Toda a construção narrativa e cinematográfica resulta em um filme nervoso, de extrema necessidade, porque ainda é muito atual. Apenas substitua “Argélia” por qualquer foco contemporâneo de conflito político e vemos como a história continua se repetindo. Um filme importante, o melhor já feito em guerrilhas urbanas. É uma cápsula do tempo que registra o preço às vezes amargo da liberdade.
CHINÊS
(La ChinoiseJean-Luc Godard, 1967)
Na década de 1960, Jean-Luc Godard escreveu as regras do cinema francês com nova sala, fazendo filmes revolucionários como “Banda à Parte”, “Alphaville” e “The Eleven Hour Demon”. As lacas pop de seu trabalho acompanharam a recuperação da valorização do diretor como autor.
Godard nunca escondeu o estrato político em seu trabalho, mas o diretor de “A Chines” abriu idéias que já estavam fervendo em sua cabeça: até que ponto uma ideologia é valiosa se ele não a traduz em ação?
Aqui a alegoria dá lugar à provocação, enraizada na história de um grupo de estudantes de diferentes filiações políticas que imaginam como moldar o mundo em um regime maoísta usando a violência em nome da revolução.
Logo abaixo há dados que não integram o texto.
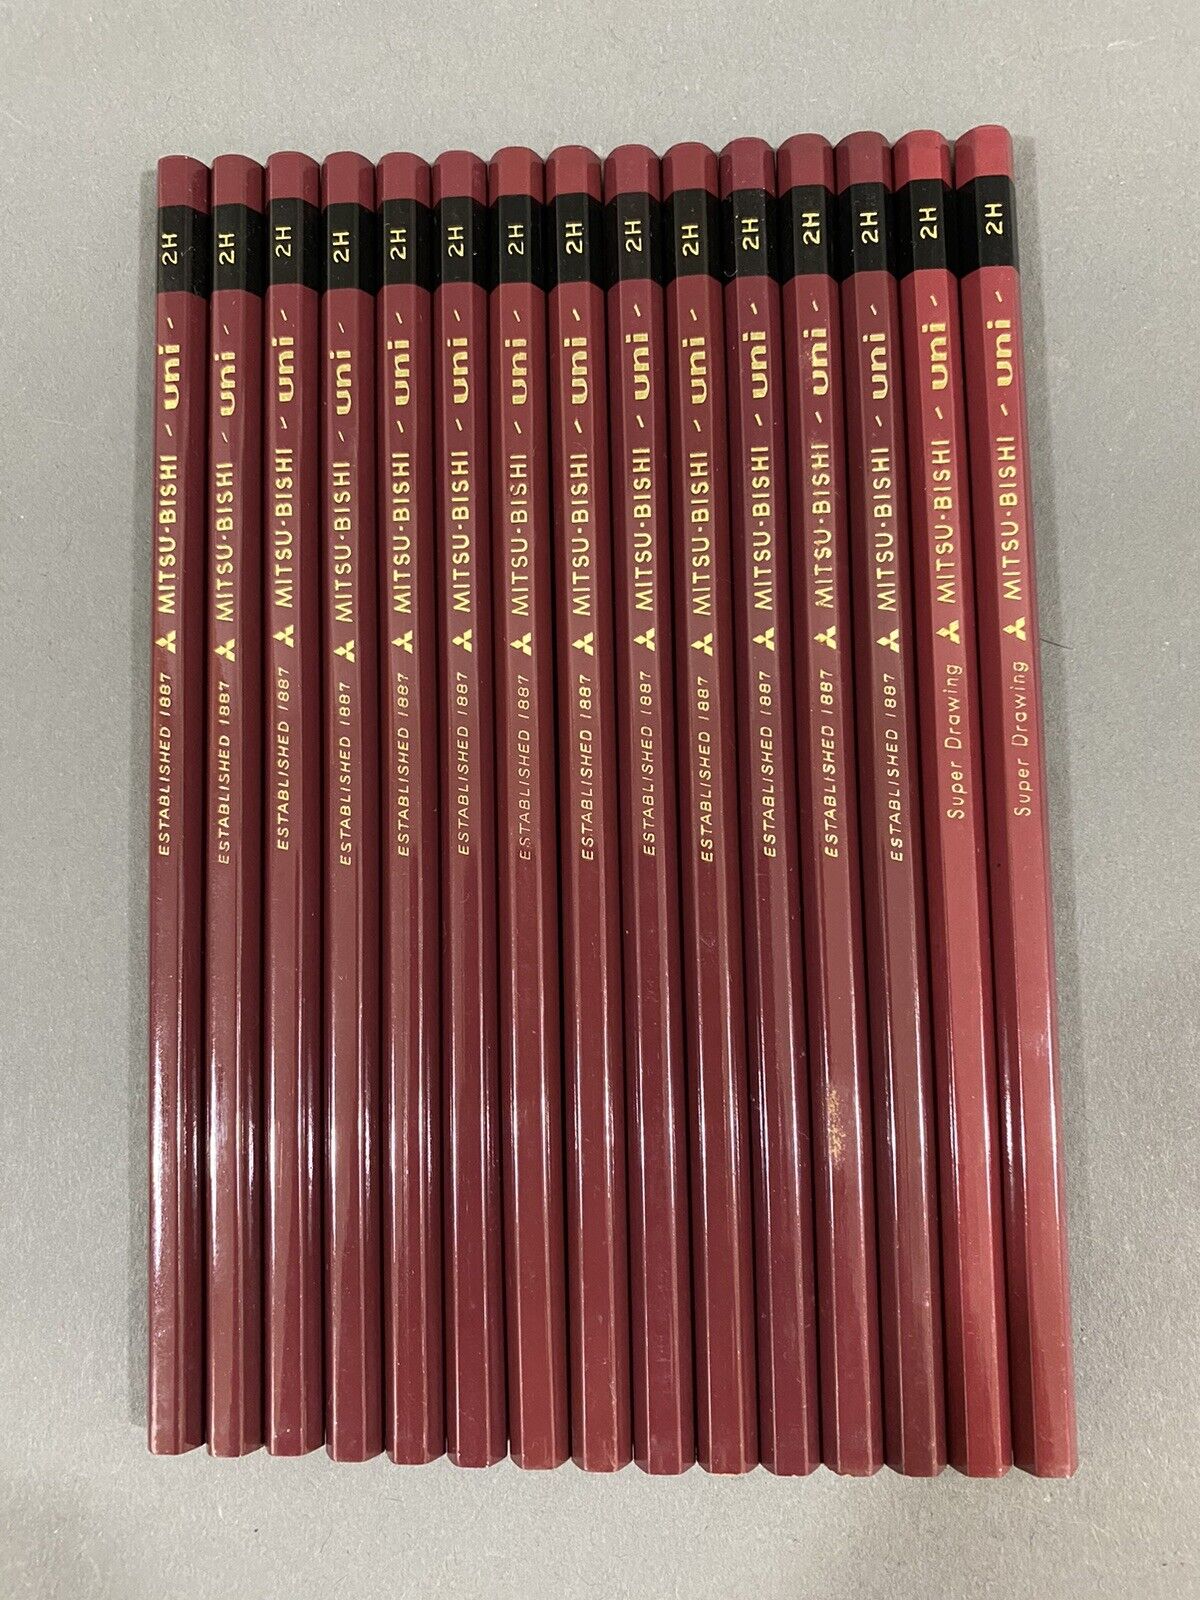 15 DIFFERENT Japanese Vintage Pencil Mitsubishi UNI JIS NOS 2H

O tom satírico enfatiza o flerte de Godard com as idéias da Nova Esquerda, que examinaram tanto o legado da Revolução Russa quanto a atmosfera guerreira causada pelas atividades militares dos EUA no Sudeste Asiático. No ano seguinte, a revolução estudantil em Paris marcou uma mudança política mais explícita em seu cinema. A semente, no entanto, nunca foi tão óbvia quanto em “A Chines”.
Com
(Costa-Gavras, 1969)
O diretor grego Costa-Gavras conseguiu envolver temas políticos da pólvora em thrillers de tensão constante ao longo de sua carreira. “Z”, o filme que o lançou ao mundo e que ainda é seu trabalho mais memorável, ainda tem coragem de acabar em busca: como disse o crítico Robert Ebert, “não de carros nas ruas, mas em um labirinto de fatos, álibis e corrupção. “
A trama, que reflete fatos vergonhosos da história política grega, segue o assassinato de um político de esquerda depois de conversas sobre desarmamento nuclear (a agenda “comunista”) e uma investigação iniciada contra uma multidão burocrática que os políticos de esquerda tentaram encobrir seu papel na ação.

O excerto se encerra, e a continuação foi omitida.